● Exercise details
Verbatim copy, images removed: write out the entries below.
>>>
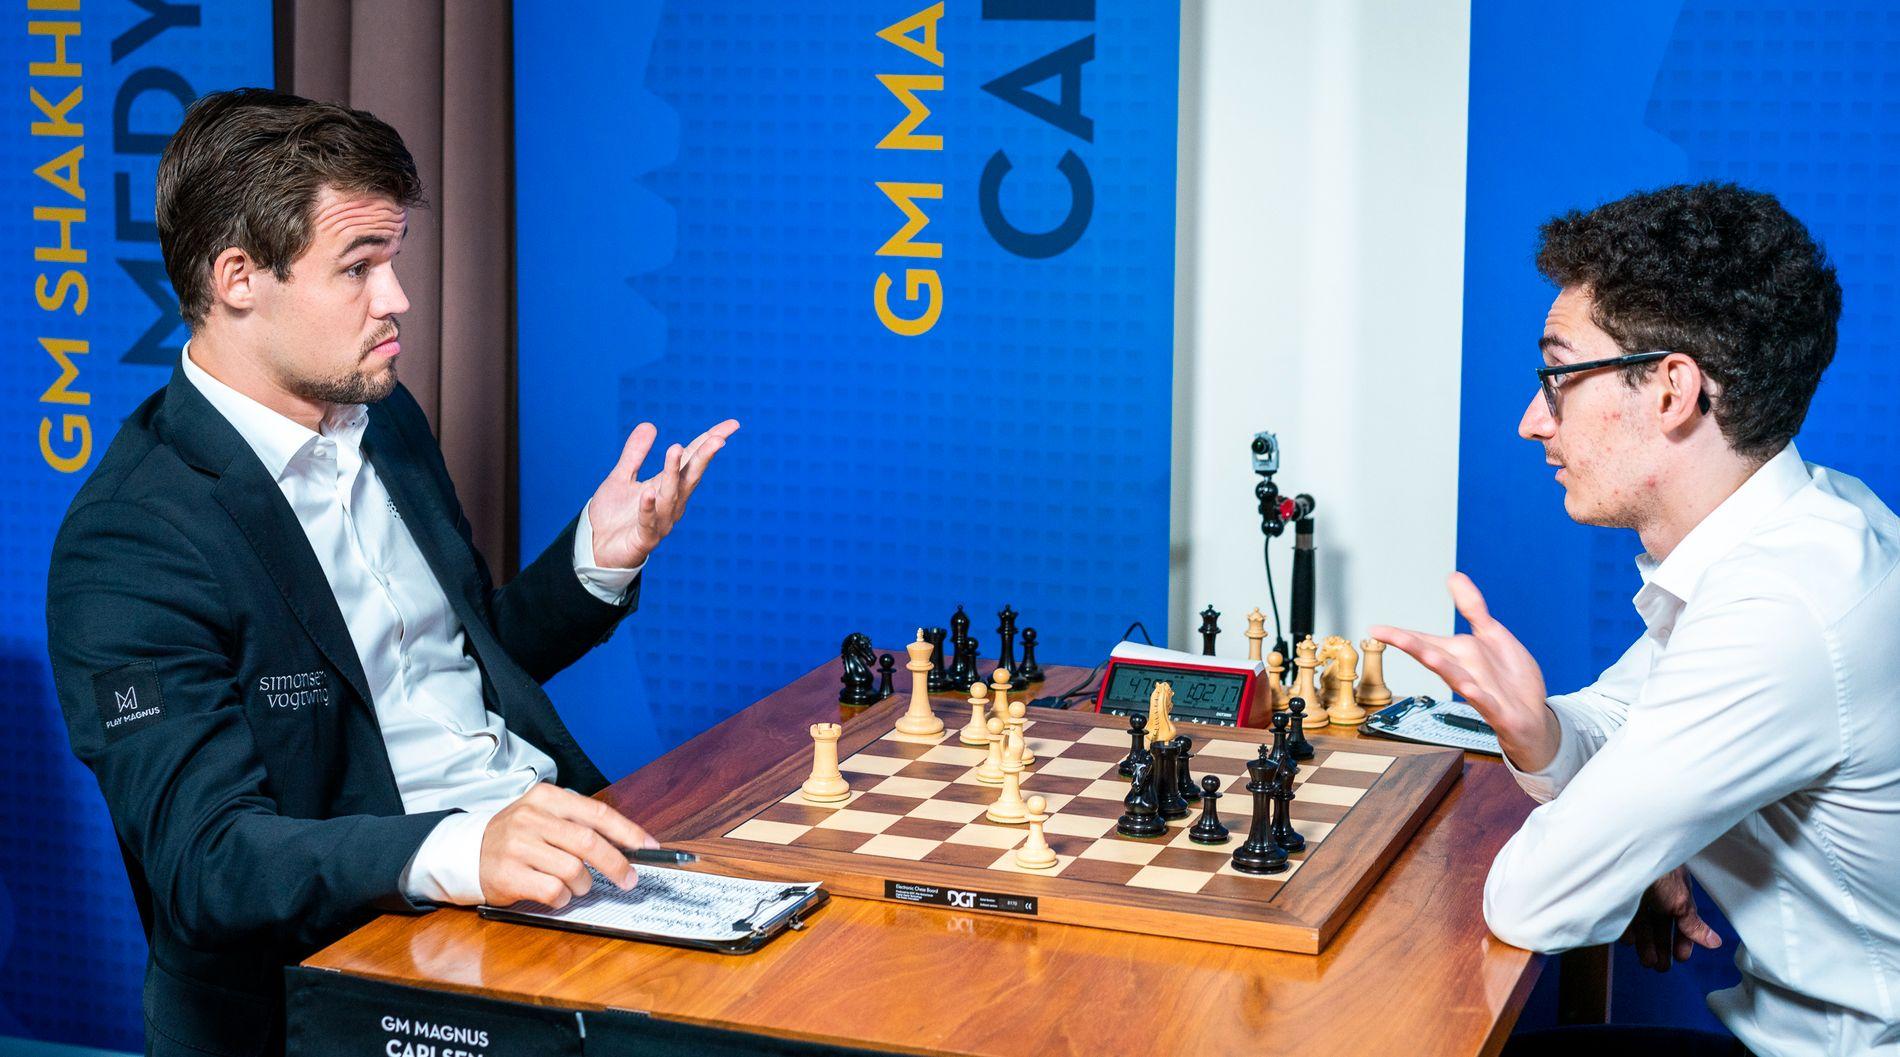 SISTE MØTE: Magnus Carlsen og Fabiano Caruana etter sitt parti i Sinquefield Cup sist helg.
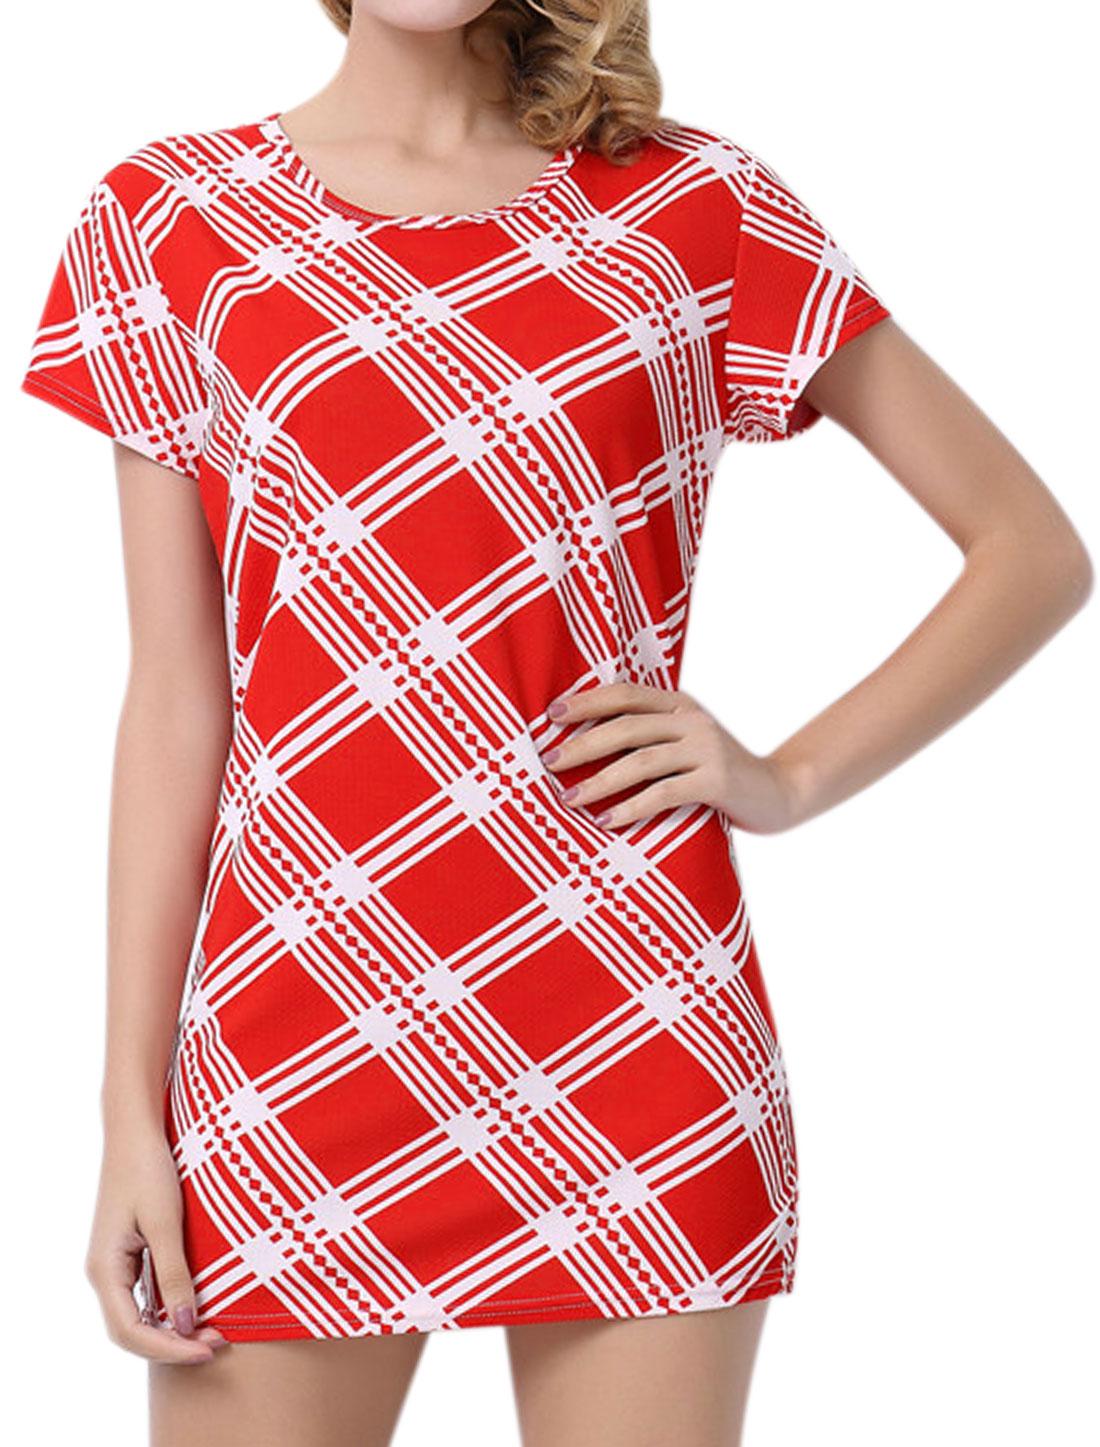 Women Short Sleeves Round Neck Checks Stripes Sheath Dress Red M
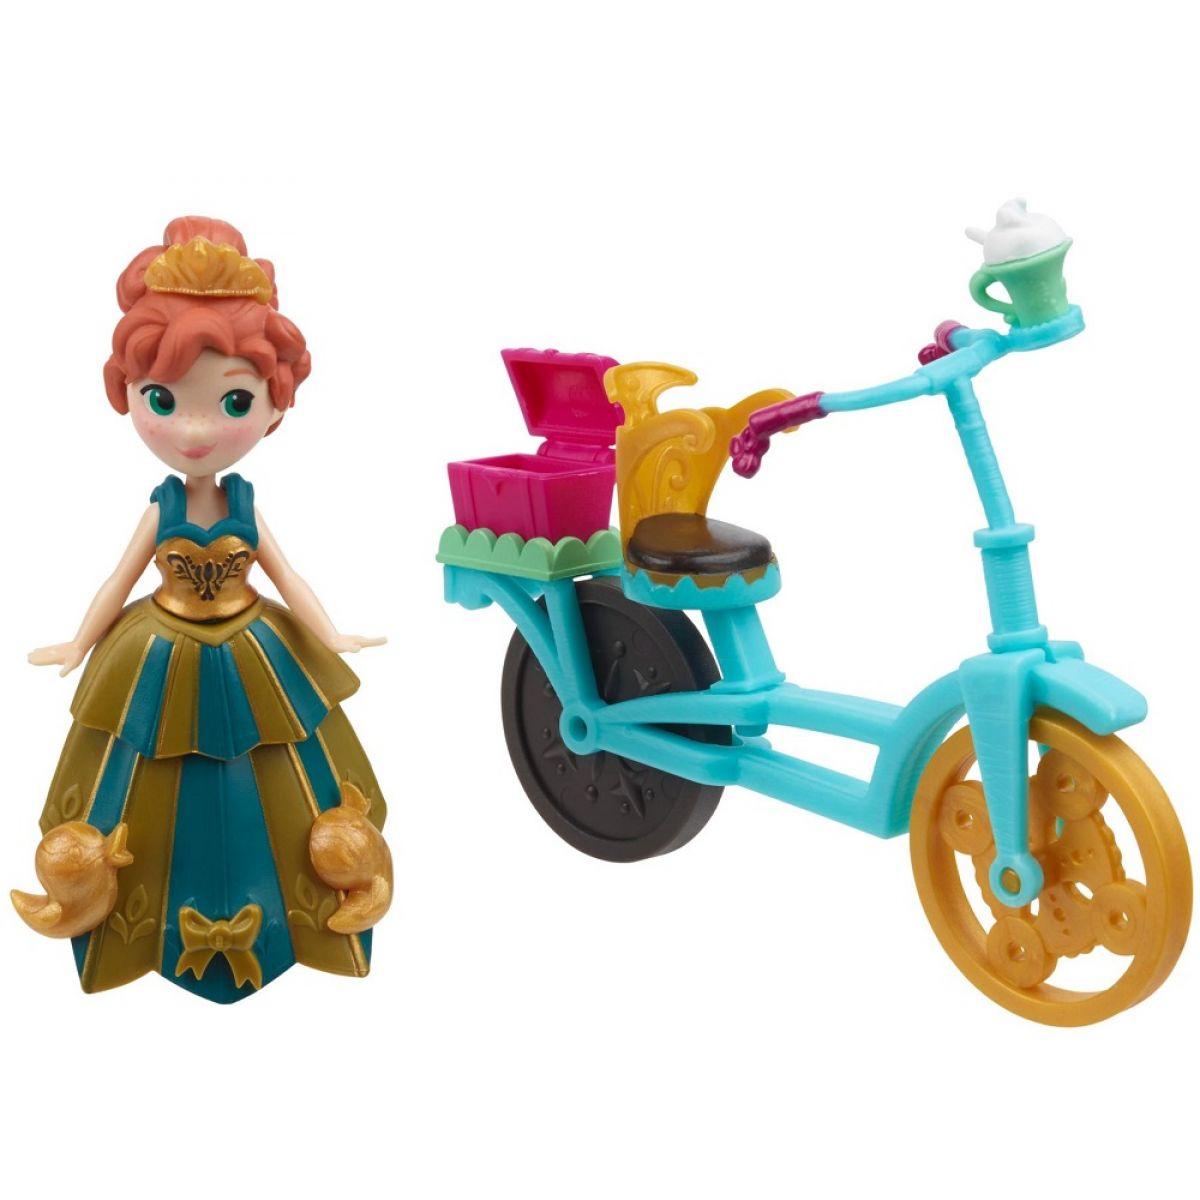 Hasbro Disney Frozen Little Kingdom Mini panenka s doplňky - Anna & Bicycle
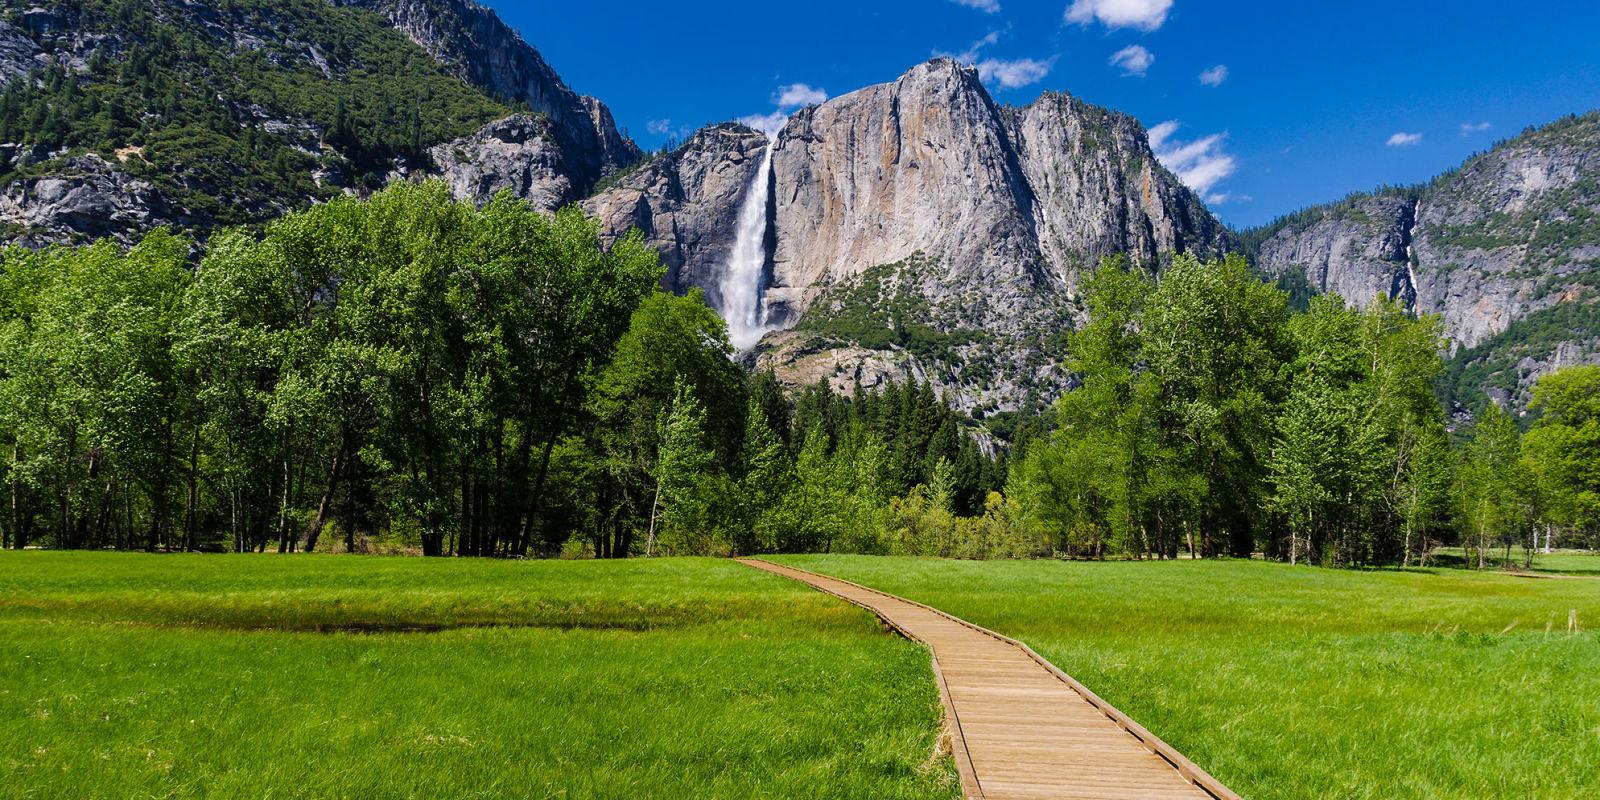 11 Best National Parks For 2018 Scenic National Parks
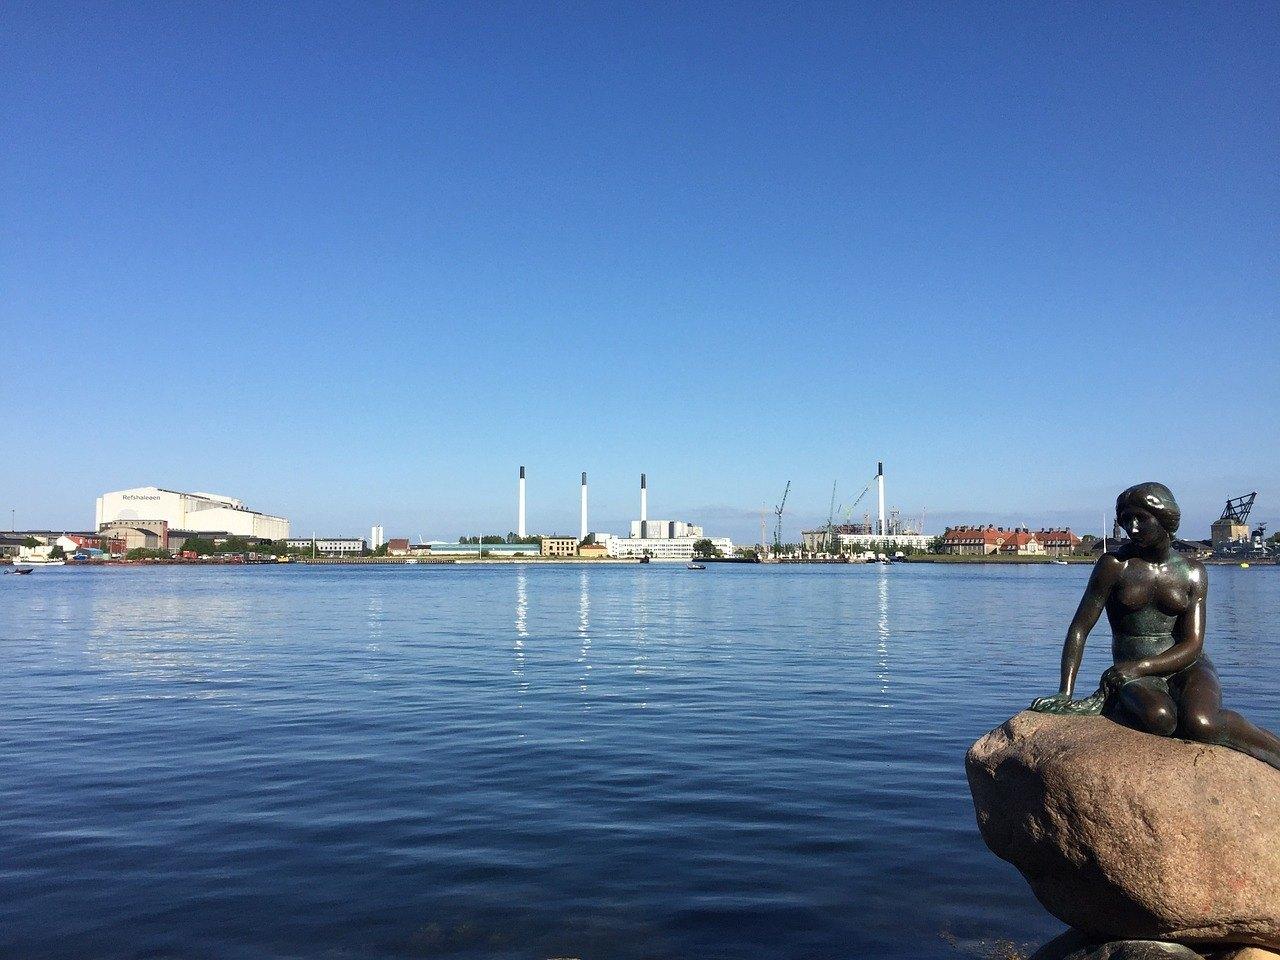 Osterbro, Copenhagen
<<<
● Task answer
 SISTE MØTE: Magnus Carlsen og Fabiano Caruana etter sitt parti i Sinquefield Cup sist helg.
 Women Short Sleeves Round Neck Checks Stripes Sheath Dress Red M
 Hasbro Disney Frozen Little Kingdom Mini panenka s doplňky - Anna & Bicycle
 11 Best National Parks For 2018 Scenic National Parks
 Osterbro, Copenhagen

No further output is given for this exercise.